Wednesday, April 18, 2012

The discussion that matters isn't about a lobbying group's PR efforts.

In Providence, it's April break - no school this week for public schools, with the same true for many (all?) surrounding districts. Hope that some of you are not reading this because you're off doing something super fun with your kids. Me, not so much - owning to my month of unusual travel in March, it's a regular work week, with my kids dispatched to various vacation camps, relatives, play-dates, and schemes of self-amusement. This strategy, such as it is, is working out fairly well so far, and allows the opportunity for a quick look back at last week...

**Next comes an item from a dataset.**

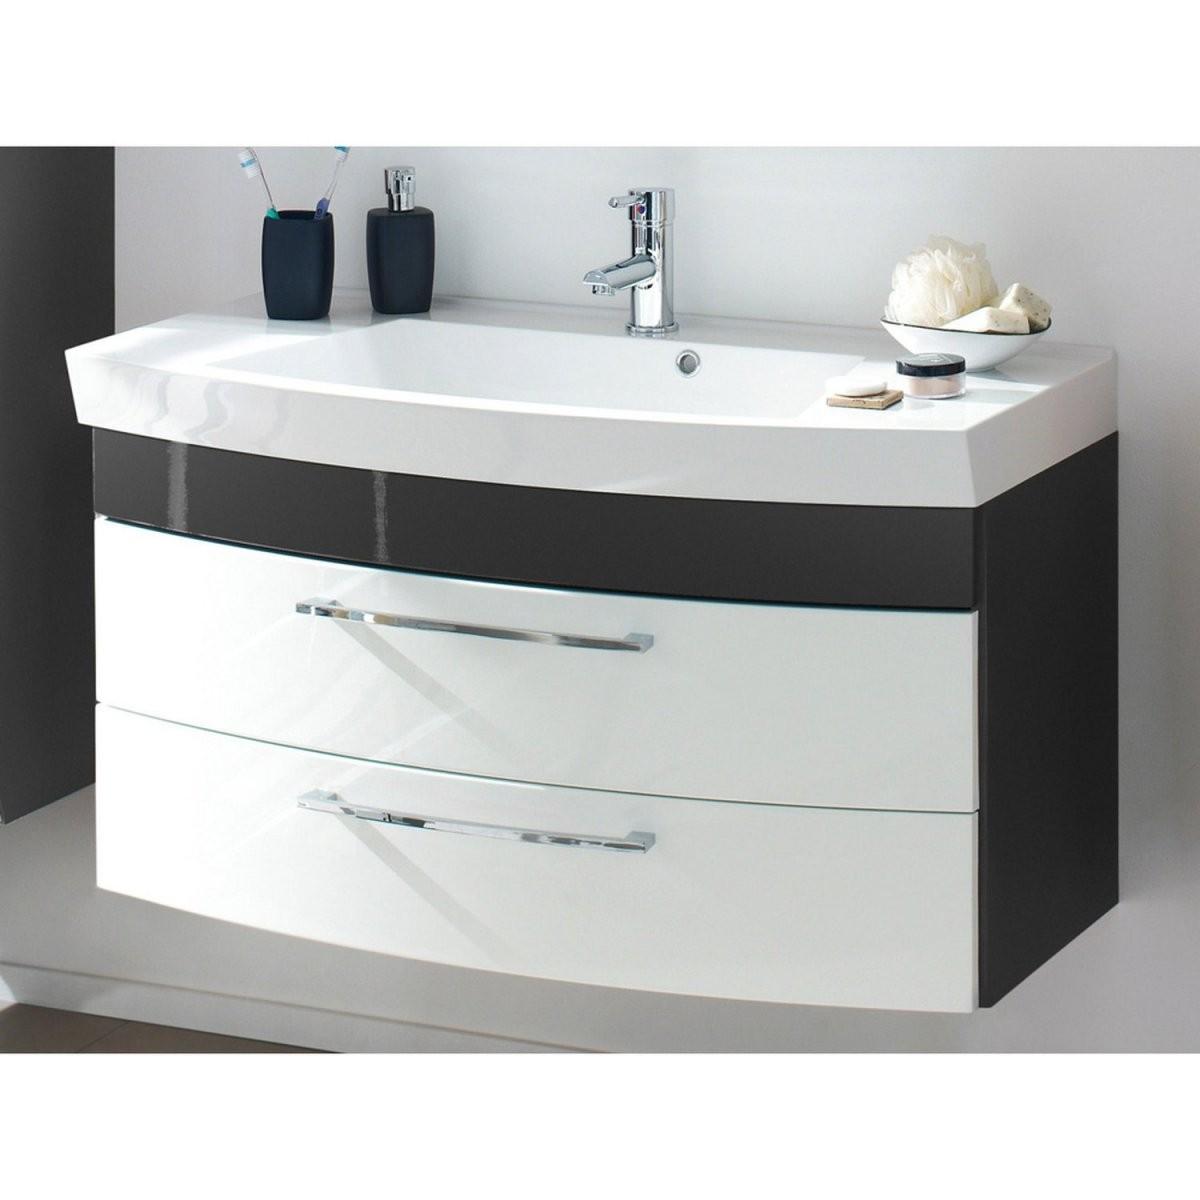 Badezimmer Waschtisch Mit Unterschrank Rimao100 Hochglanz Weiß Anthr von Waschbecken Mit Unterschrank 50 Cm Bild

...when RI-CAN released a set of school rankings for Rhode Island's schools. Some folks thoughtfully objected to the methodology of and strategy for the rankings, particularly:
I share their concerns and strongly oppose such rankings for the very reason that I strongly oppose any attempt to sum up a student or an educator using a limited set of data, particularly high stakes standardized test scores. RI-CAN's attempt to represent schools with that same limited data misrepresents the necessary complexity of the process of understanding whether and how schools are serving students and their communities effectively. Conversation about gains in education at every possible level need to be based on thoughtful consideration of meaningful and multiple measures employed in ways that enhance learning, growth, and improvement.

And as the Learning Community statement points out, Rhode Island already has Information Works! a strong and more complex data system. If you want data, use that and as you do, resist any urge to assume that there's necessarily a best and a worst. Instead, use your judgment. If you're able to move from one neighborhood or town to another in search of a school that will serve your child well, you need to put in the time to do the real work. Know your child's needs, hopes, dreams, proclivities, and abilities. Visit schools. Talk with multiple current parents and (if possible) students. Consider what value you and your family can add to a school community. Resist anything--a fancy list, hearsay, an isolated incident--that invites you to think that you've really learned anything meaningful from it alone.

And know above all that a school that, by the light of one ranking system, may seem inadequate may instead be serving students similar to your child very effectively. That's certainly the case for our family's experience with the schools that our children have attended. That RI-CAN publicly states that the schools that my children attend are substandard says more to be about the limits of RI-CAN's understanding than the schools themselves, and masks the real complexity and urgency of the fact that many schools and school systems serve some kids well and some not well enough.

Okay, enough. The discussion that matters isn't about a lobbying group's PR efforts. The discussion that matters is how we will to make every school in every neighborhood a powerful, effective, and joyous place for teaching and learning for every child. Onward.